Aim of the task> What you give must be the lines from the one containing "Фото й відео" through the last line of the listing below, exactly, with nothing else and no pictures.

Dataset extract>
....

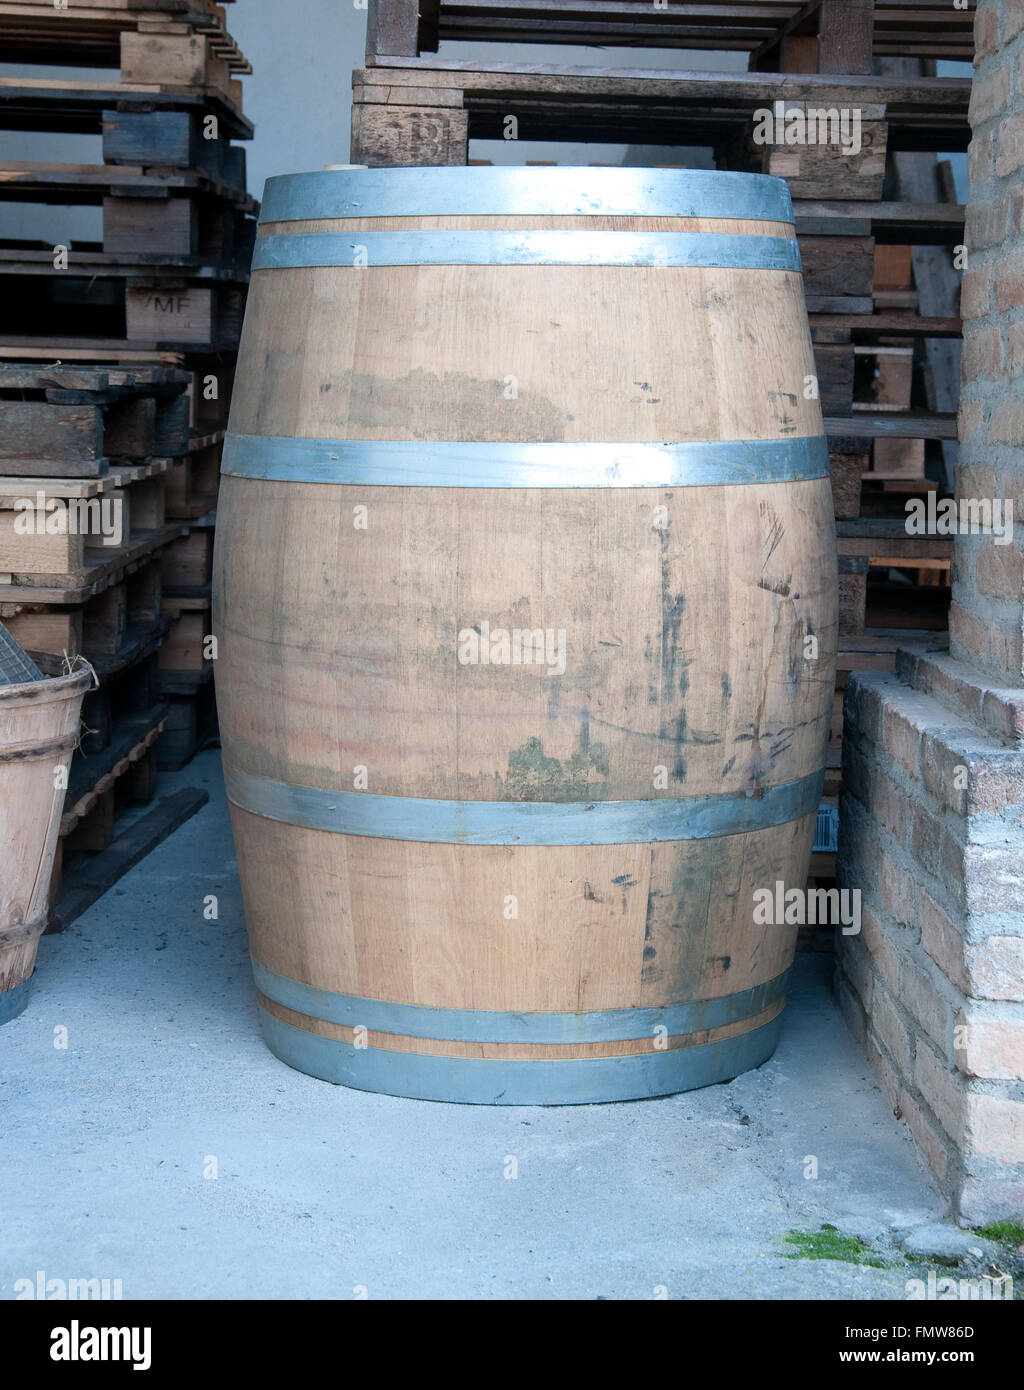 Des tonneaux de bois utilisés pour contenir des vin,Italie Banque D'Images
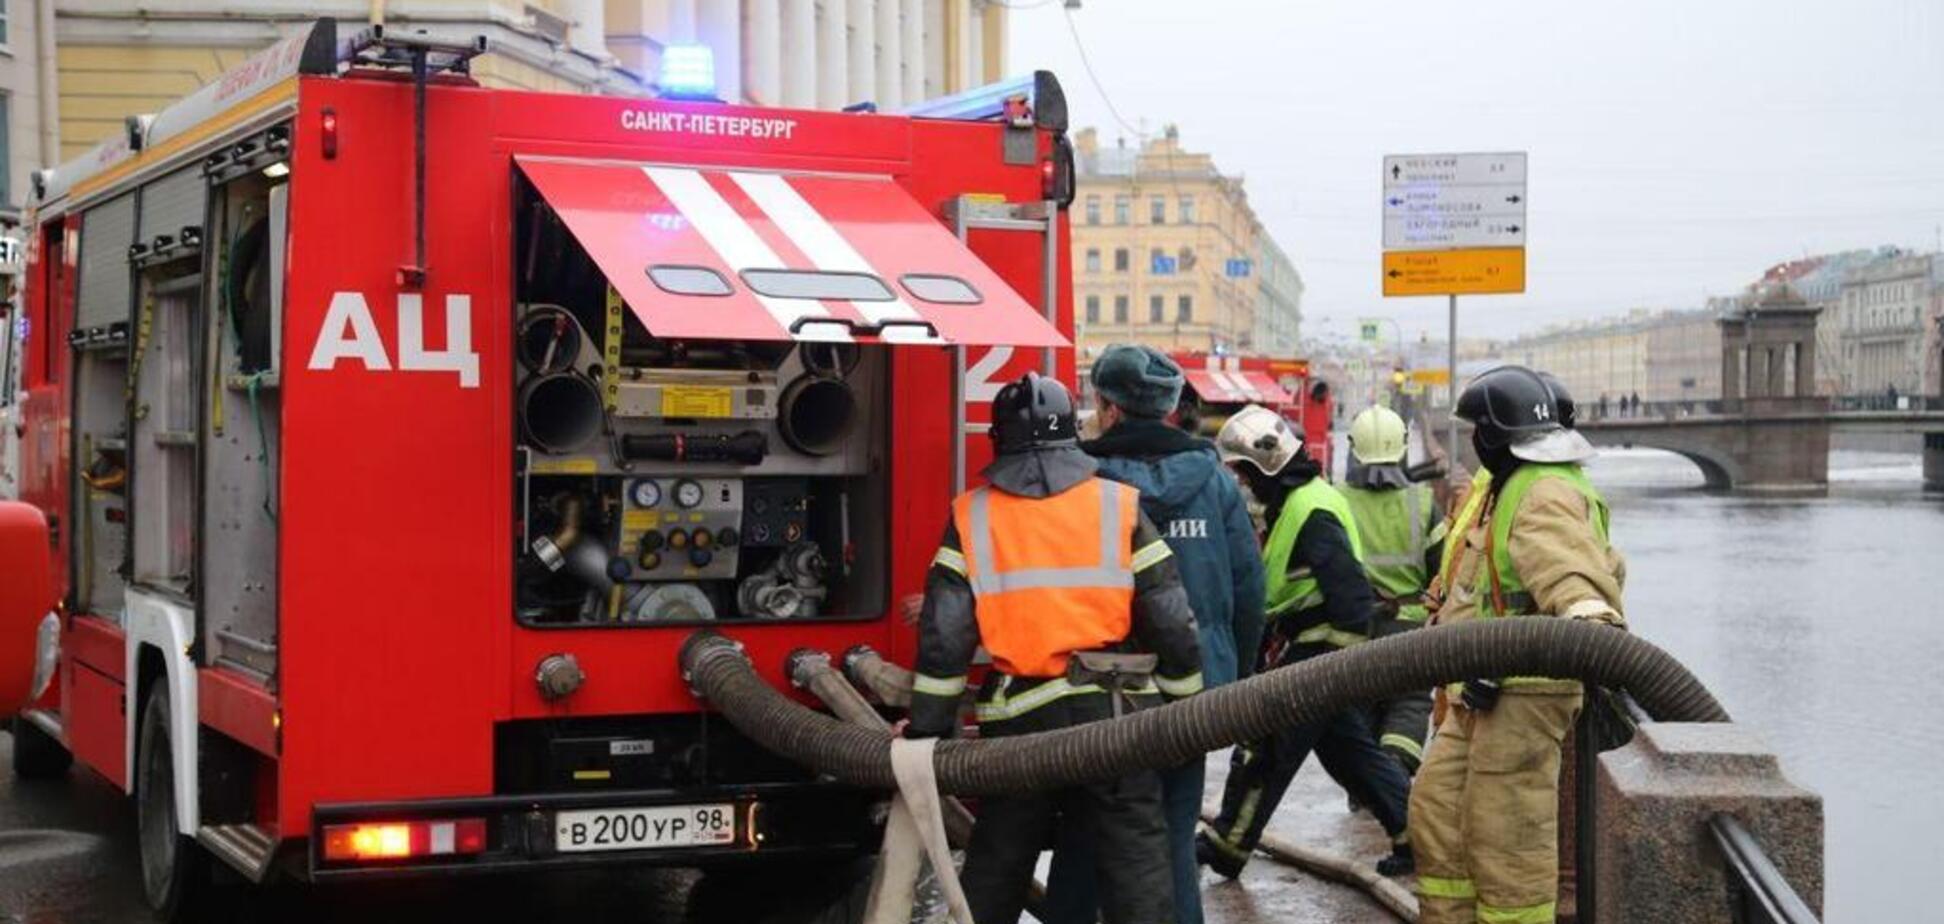 'Люди з вікон кричать про допомогу': в Росії загорівся бізнес-центр. Фото й відео
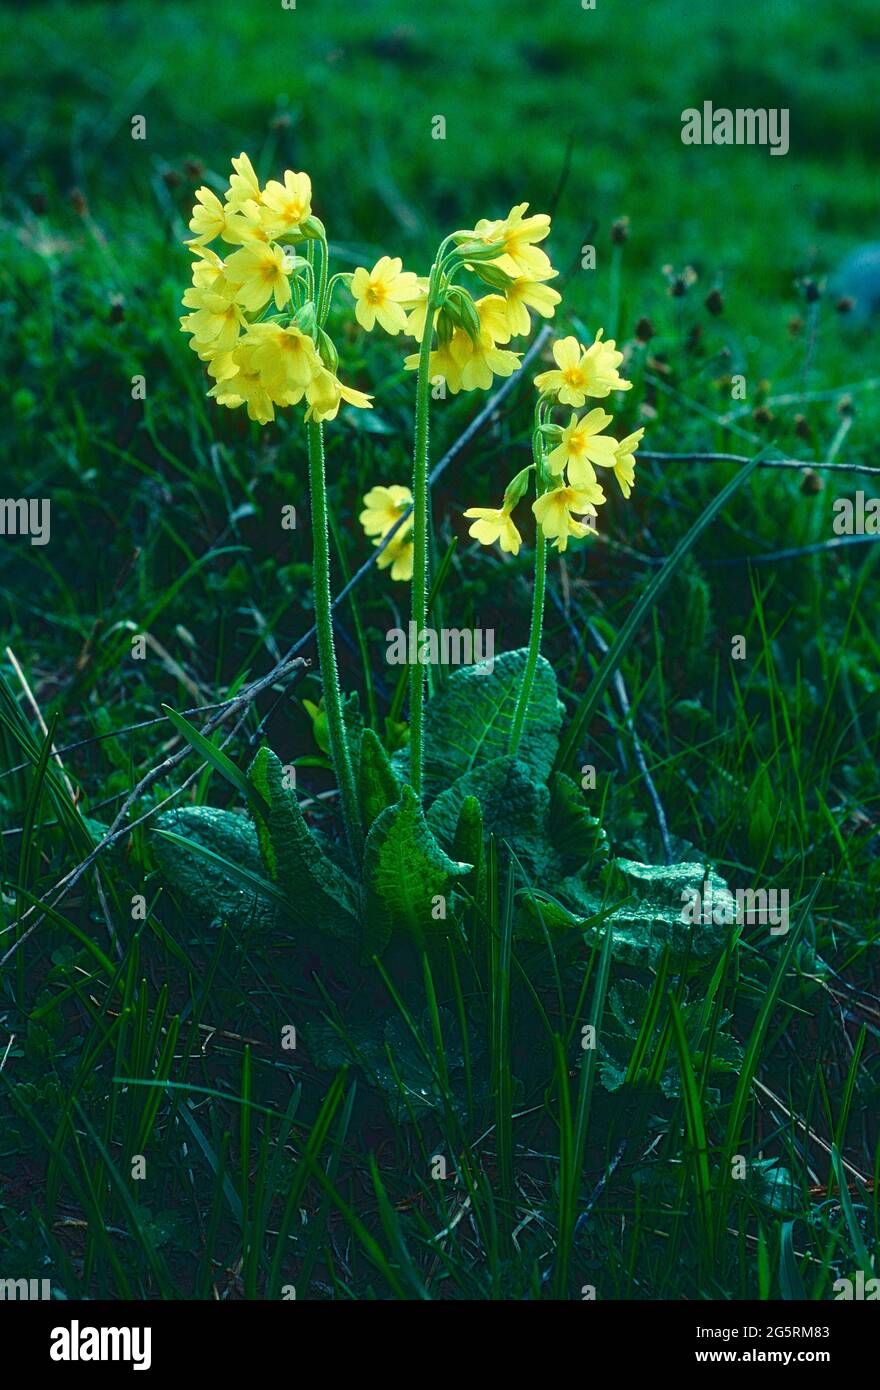 Bälli, Primula elatior, Primulaceae, Blühend, Blume, Pflanze, Weisstannental, Kanton St. Gallen, Suisse Banque D'Images
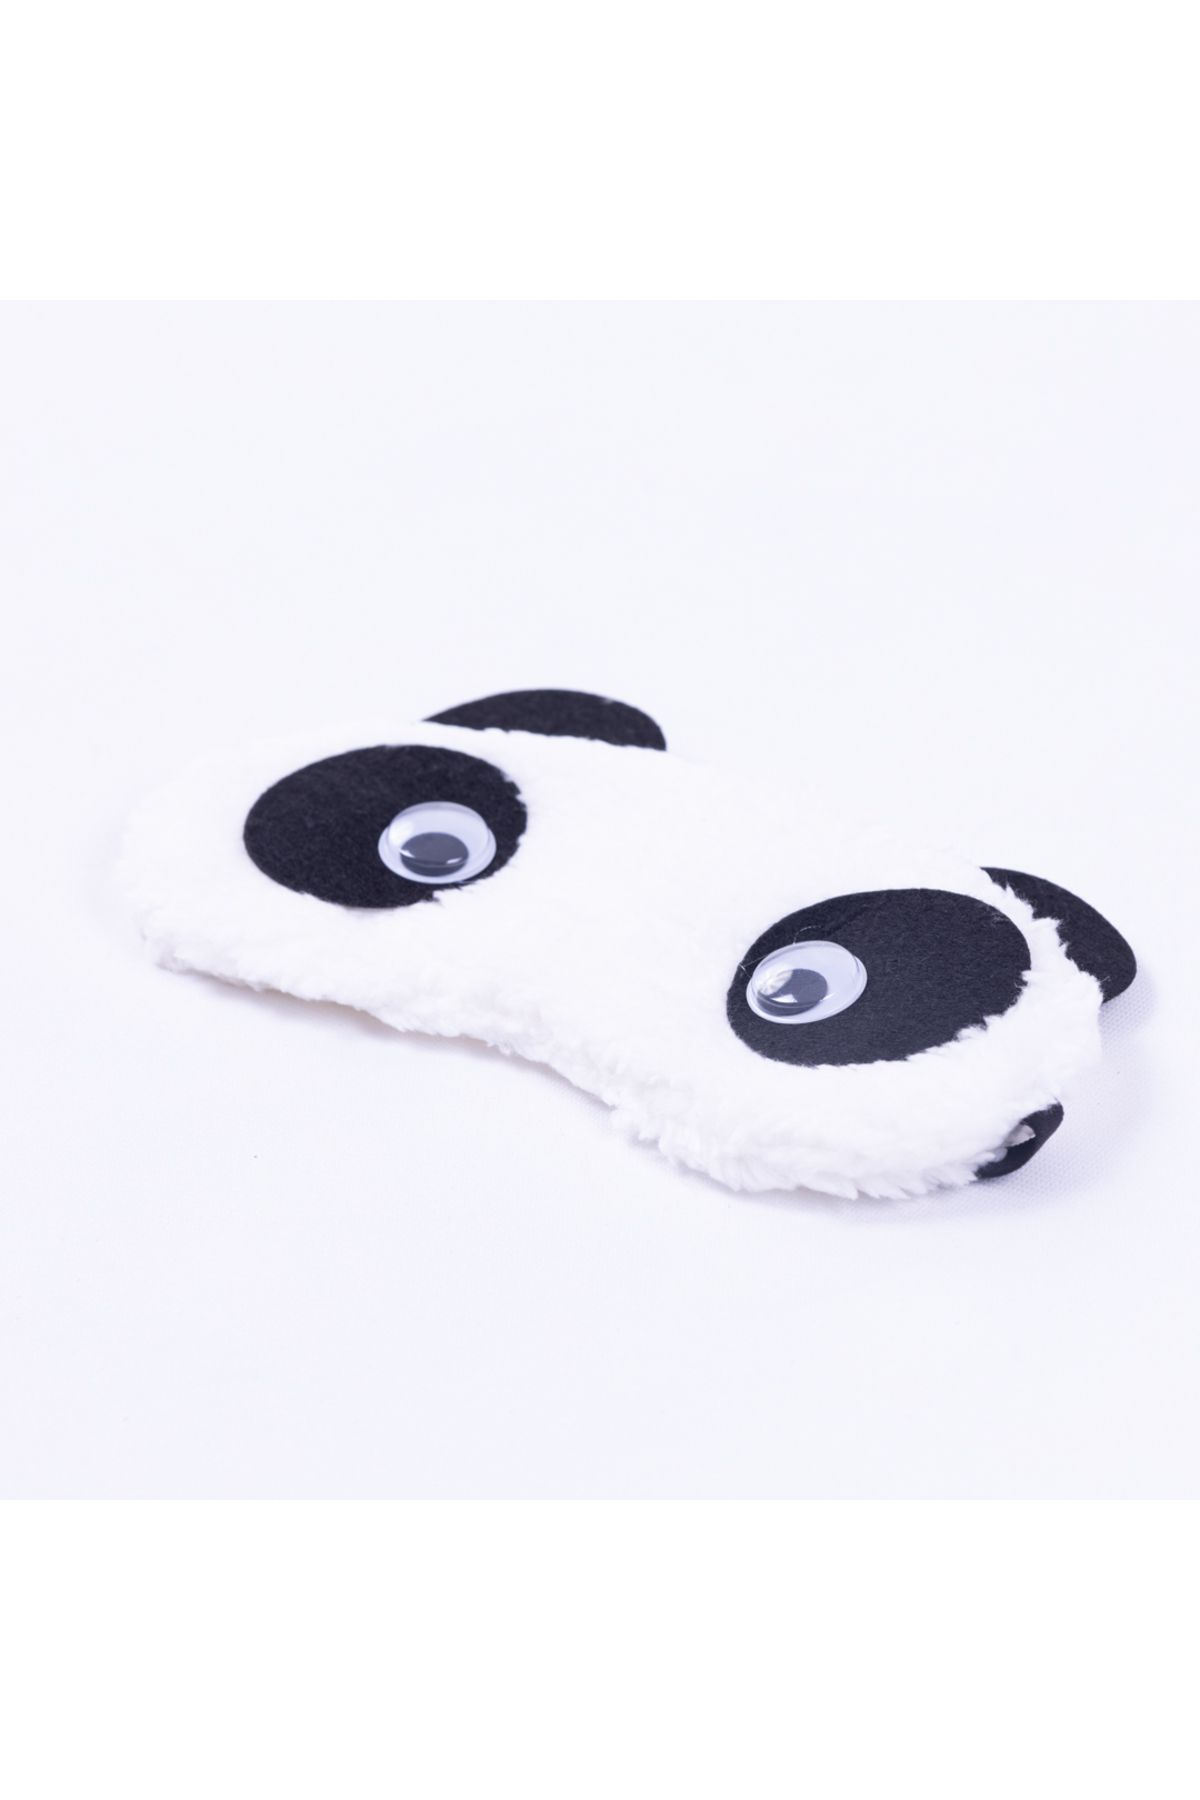 Bimotif Uyku göz bandı, yıkanabilir Panda

....

Task output>
 'Люди з вікон кричать про допомогу': в Росії загорівся бізнес-центр. Фото й відео
 Bälli, Primula elatior, Primulaceae, Blühend, Blume, Pflanze, Weisstannental, Kanton St. Gallen, Suisse Banque D'Images
 Bimotif Uyku göz bandı, yıkanabilir Panda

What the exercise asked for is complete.